British Prime Minister Gordon Brown and French President Nicolas Sarkozy agreed it was a good idea to slap higher taxes on performance pay, especially considering they are back on the rise soon after last year's financial meltdown that led to taxpayer-funded bailouts in some cases. German Chancellor Angela Merkel also embraced the idea.
"We agree that a one-off tax in relation to bonuses should be considered a priority," the two wrote in an editorial in the Wall Street Journal.
Brown's government on Wednesday said it would impose a one-time 50 percent tax on 2009 bonuses above 25,000 pounds ($40,800), and French and British diplomats said Sarkozy made a similar commitment.
The French and British leaders met in Brussels ahead of an EU summit Thursday and "are completely aligned," said a British diplomat, who demanded anonymity because the talks were private.
Brown also wrote a letter to his 26 fellow EU leaders, urging them to take quick action on climbing bank bonuses.
"Again now, banks have made very large profits, and some of their employees have received bonuses equal to many multiples of average earnings," he wrote.
"While the benefits of success are reaped by the few, the costs of failure are borne by the many. We must therefore act," he wrote.
Merkel threw the weight of the EU's economic powerhouse behind the idea. She described Britain's tax as an "attractive idea" that might encourage some lessons to be learned in London's financial district.
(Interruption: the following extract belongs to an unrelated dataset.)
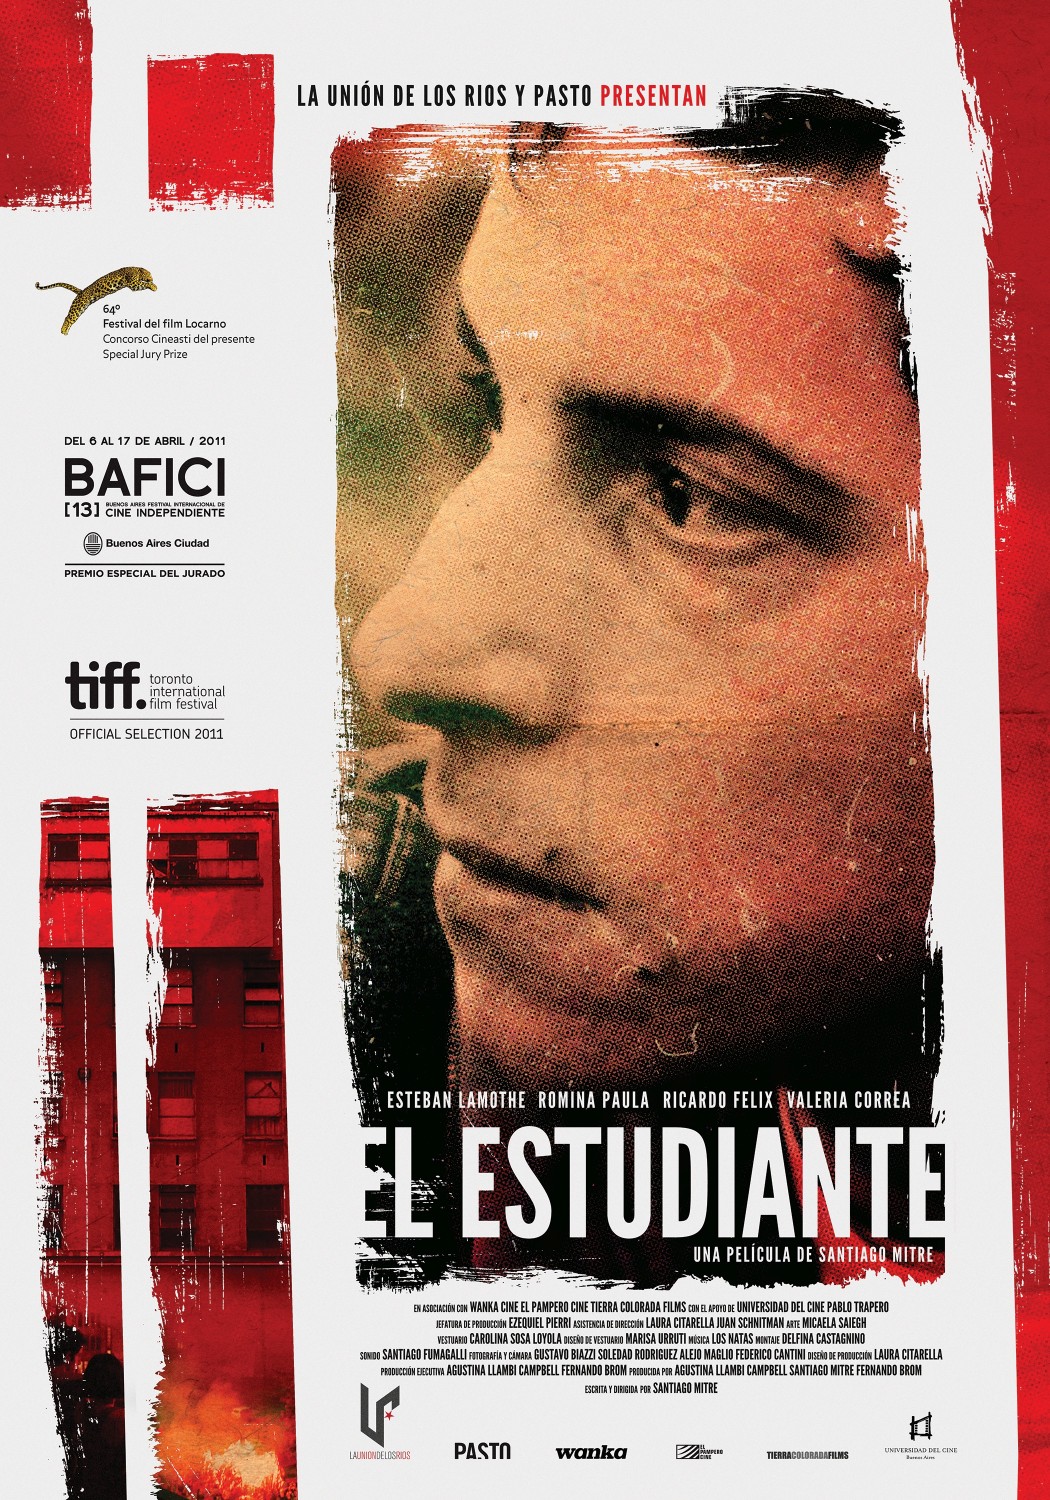 Extra Large Movie Poster Image for El estudiante

"We have always repeatedly said, from the German point of view, that we want banks and their businesses to pay a share, that the burdens of the crises could be shared and not loaded on to taxpayers alone," she said at a meeting of European center-right leaders in Bonn, Germany.
An official in the French Finance Ministry said France has decided on a one-off tax for 2009 bonuses, and that France needed it to be accepted in other financial centers before working out details.
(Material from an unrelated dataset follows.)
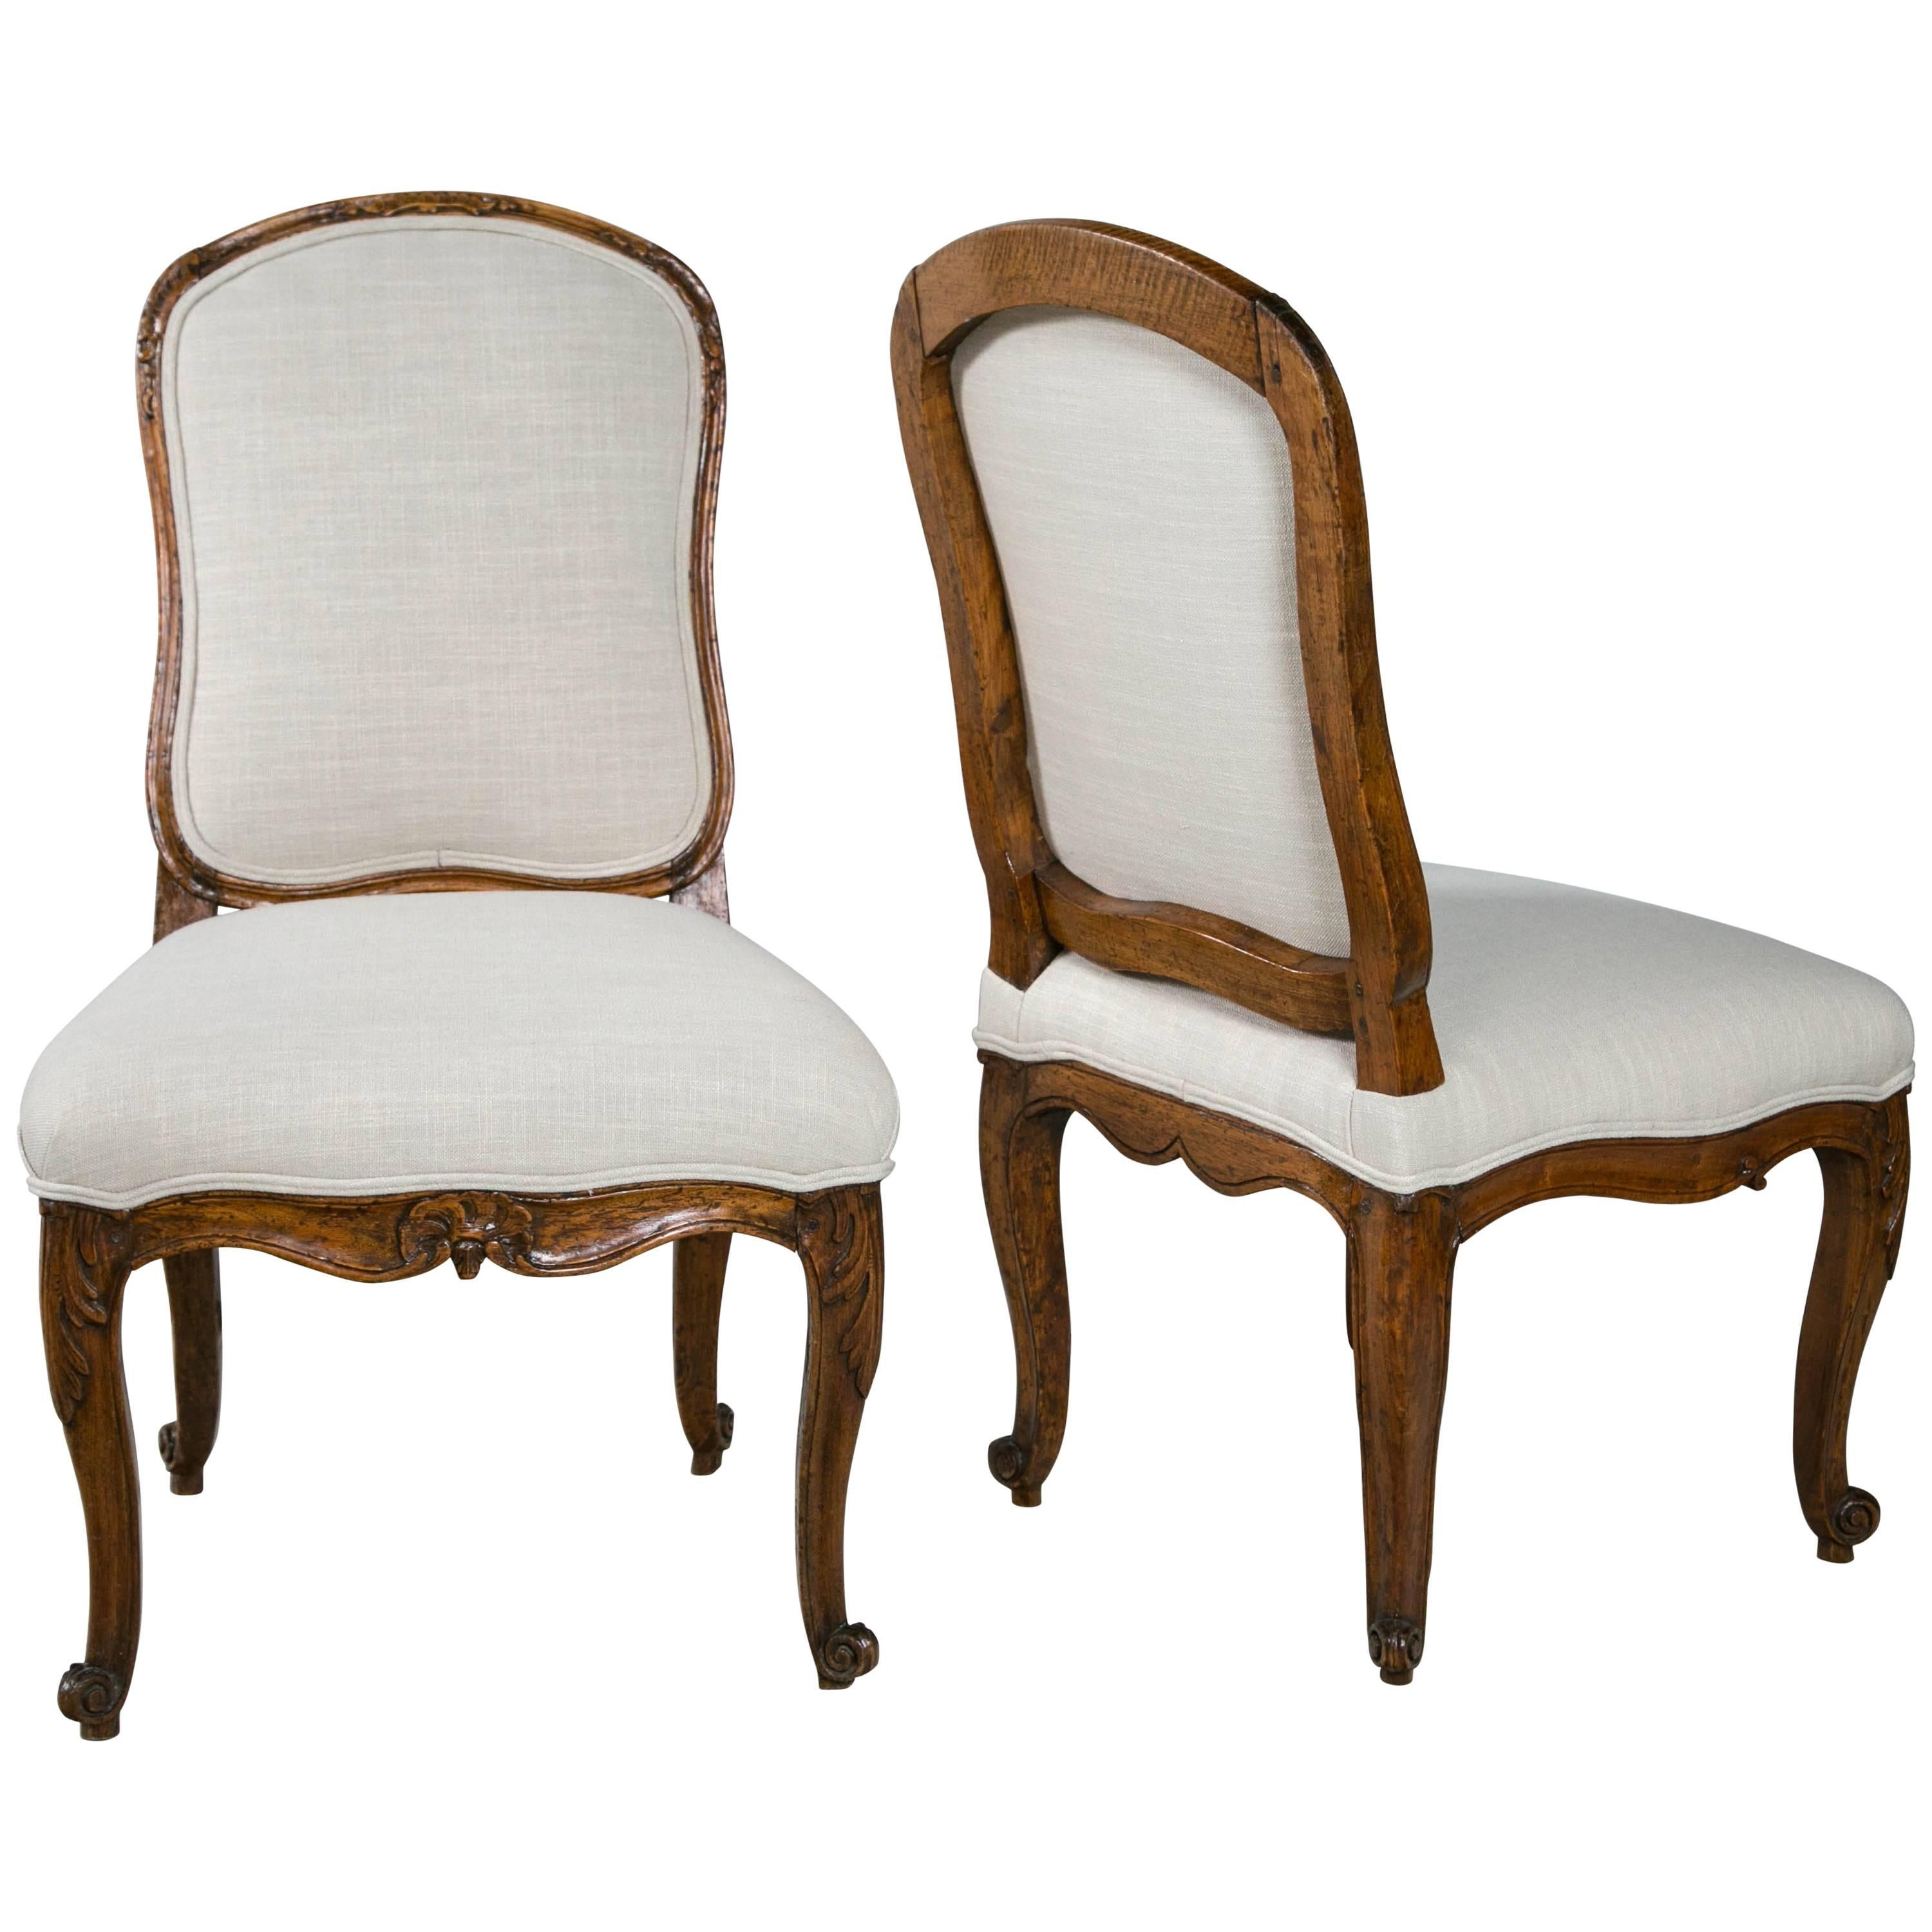 Pair of 18th Century Walnut Chairs

Last month France's government issued new rules to all banks operating in France — foreign banks included — that limited bonuses.
The rules will force banks to spread out compensation over several years to ensure pay reflects long-term performance and doesn't reward risky decisions that soon turn bad. At least half of the bonus will be withheld, to be paid over three years depending on performance.
The bonus amounts and how they are distributed must be published each year.
Presidential spokesman Franck Louvrier wouldn't confirm published reports that France had decided to follow Britain with a 50 percent bonus tax, saying only that no decision had been made.
European Commission President Jose Manuel Barroso also warned that "we cannot have a simple return to business as usual and that would apply to the bonuses," his spokeswoman Pia Ahrenkilde Hansen said.
The Brown-Sarkozy byline appeared to heal a rift in Anglo-French relations that opened over the appointment last month of Frenchman Michel Barnier to oversee EU financial markets, including the City.
Sarkozy had proclaimed victory over Barnier's appointment and denounced "Anglo-American" finance methods for causing the global economic meltdown. British bankers responded angrily, and the dispute reportedly scuppered a Sarkozy-Brown meeting in London last Friday.
The British official said the leaders' 30-minute meeting Thursday was convivial and was "to use the French phrase, a tete-a-tete'" meaning the leaders met with only one interpreter present.
Attempts to impose similar bonus taxes in the United States have faltered in the Congress. The House of Representatives voted in March to impose a 90 percent bonus tax at companies that received at least $5 billion in federal bailout money, but a similar effort in the Senate to pass a smaller 70 percent tax covering a wider range of companies faltered.
U.S. investment bank Goldman Sachs announced Thursday its top executives will not be receiving cash bonuses in 2009, as the Wall Street giant bowed to sharp criticism over its pay practices.